(LISTED RECORDS begins)

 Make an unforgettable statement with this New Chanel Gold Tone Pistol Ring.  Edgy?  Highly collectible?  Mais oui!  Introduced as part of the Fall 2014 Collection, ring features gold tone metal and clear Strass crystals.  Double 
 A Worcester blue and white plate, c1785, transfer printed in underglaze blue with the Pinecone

(LISTED RECORDS ends)
(LISTED RECORDS begins)

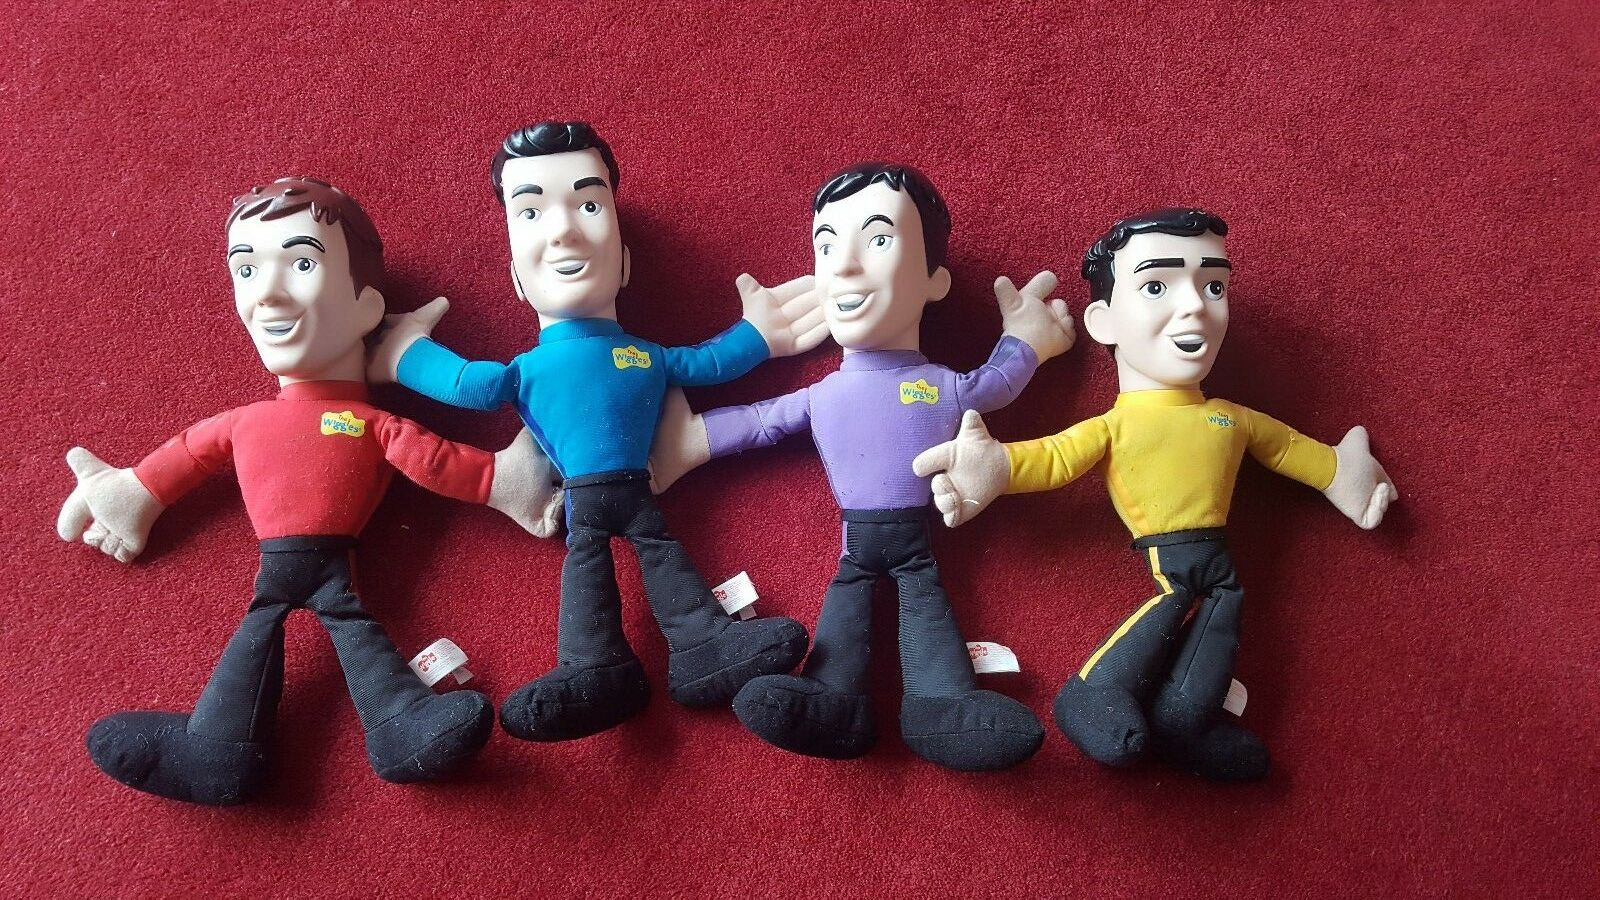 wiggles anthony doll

(LISTED RECORDS ends)
(LISTED RECORDS begins)

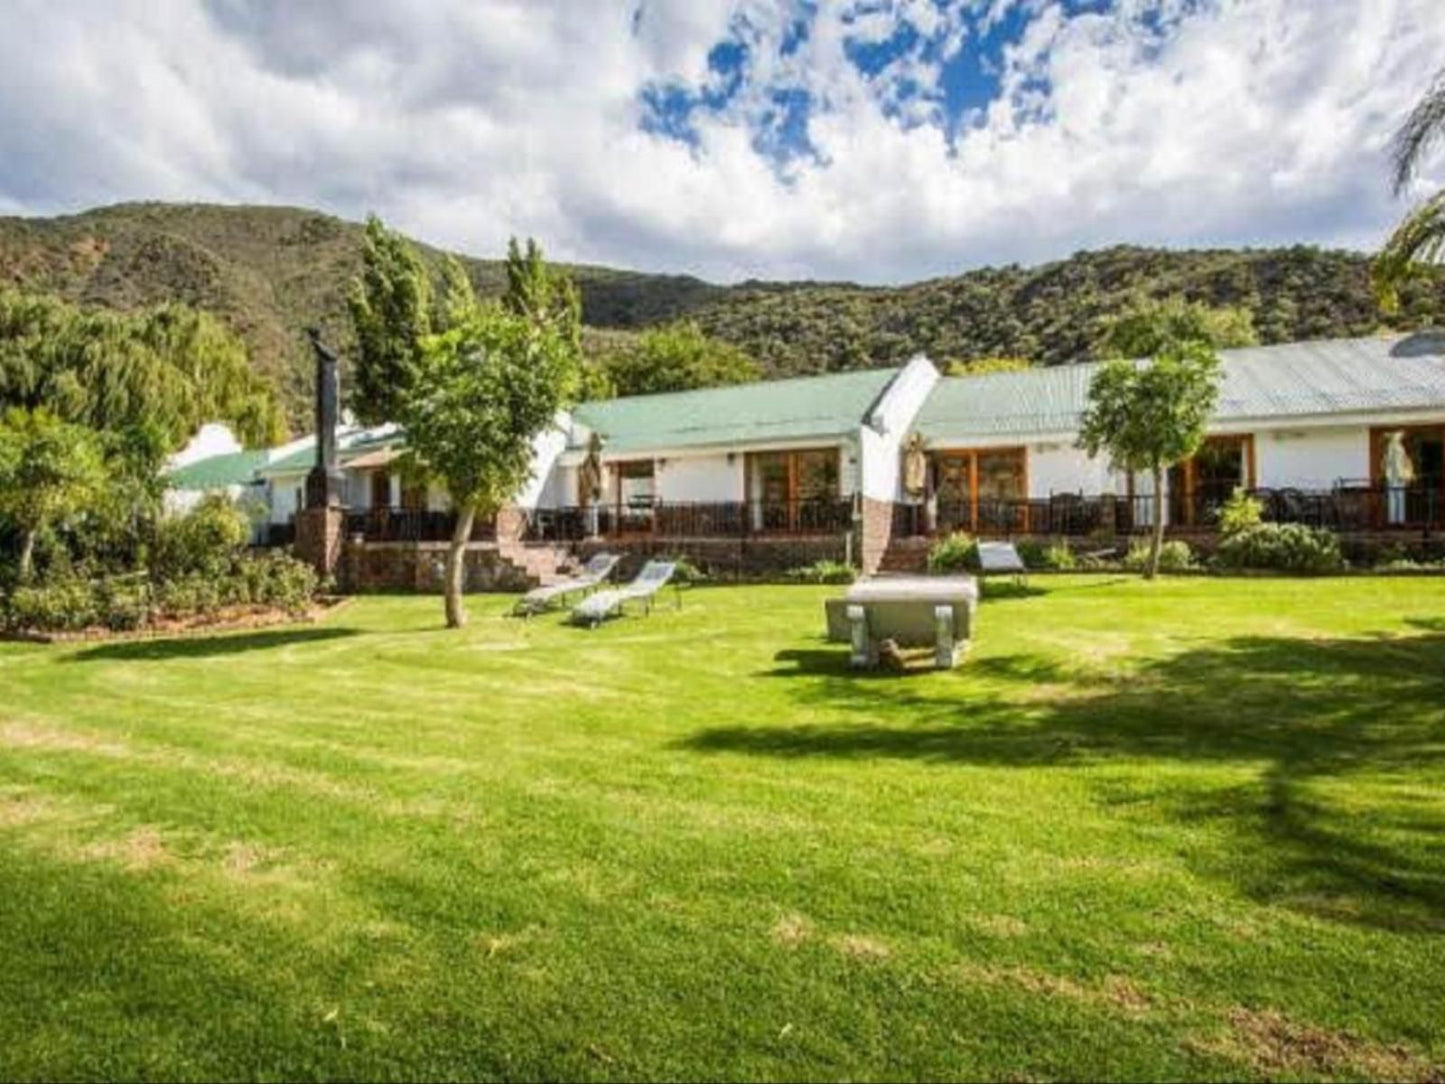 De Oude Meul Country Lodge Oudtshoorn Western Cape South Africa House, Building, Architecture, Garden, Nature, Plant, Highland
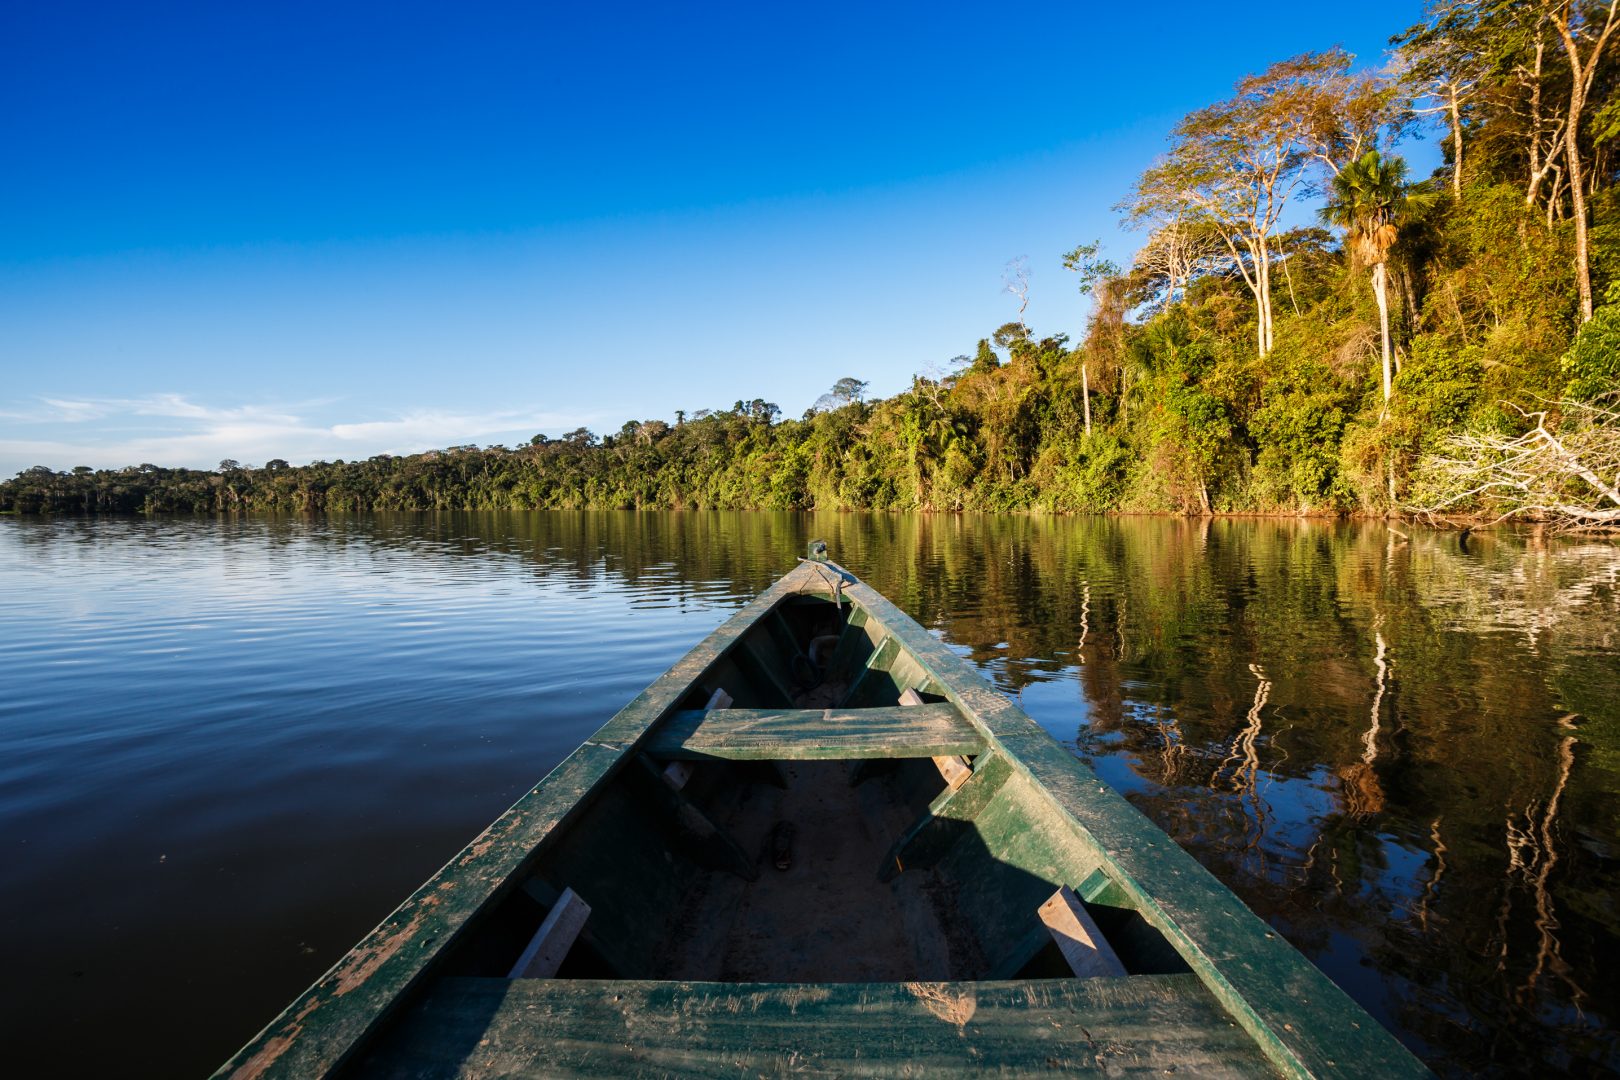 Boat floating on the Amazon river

(LISTED RECORDS ends)

Once the line with "De Oude Meul" has been found above, output that line and every later line exactly, stopping after the line with "Boat floating on the Amazon river", and omit the pictures.

■ **SOLUTION BELOW**
 De Oude Meul Country Lodge Oudtshoorn Western Cape South Africa House, Building, Architecture, Garden, Nature, Plant, Highland
 Boat floating on the Amazon river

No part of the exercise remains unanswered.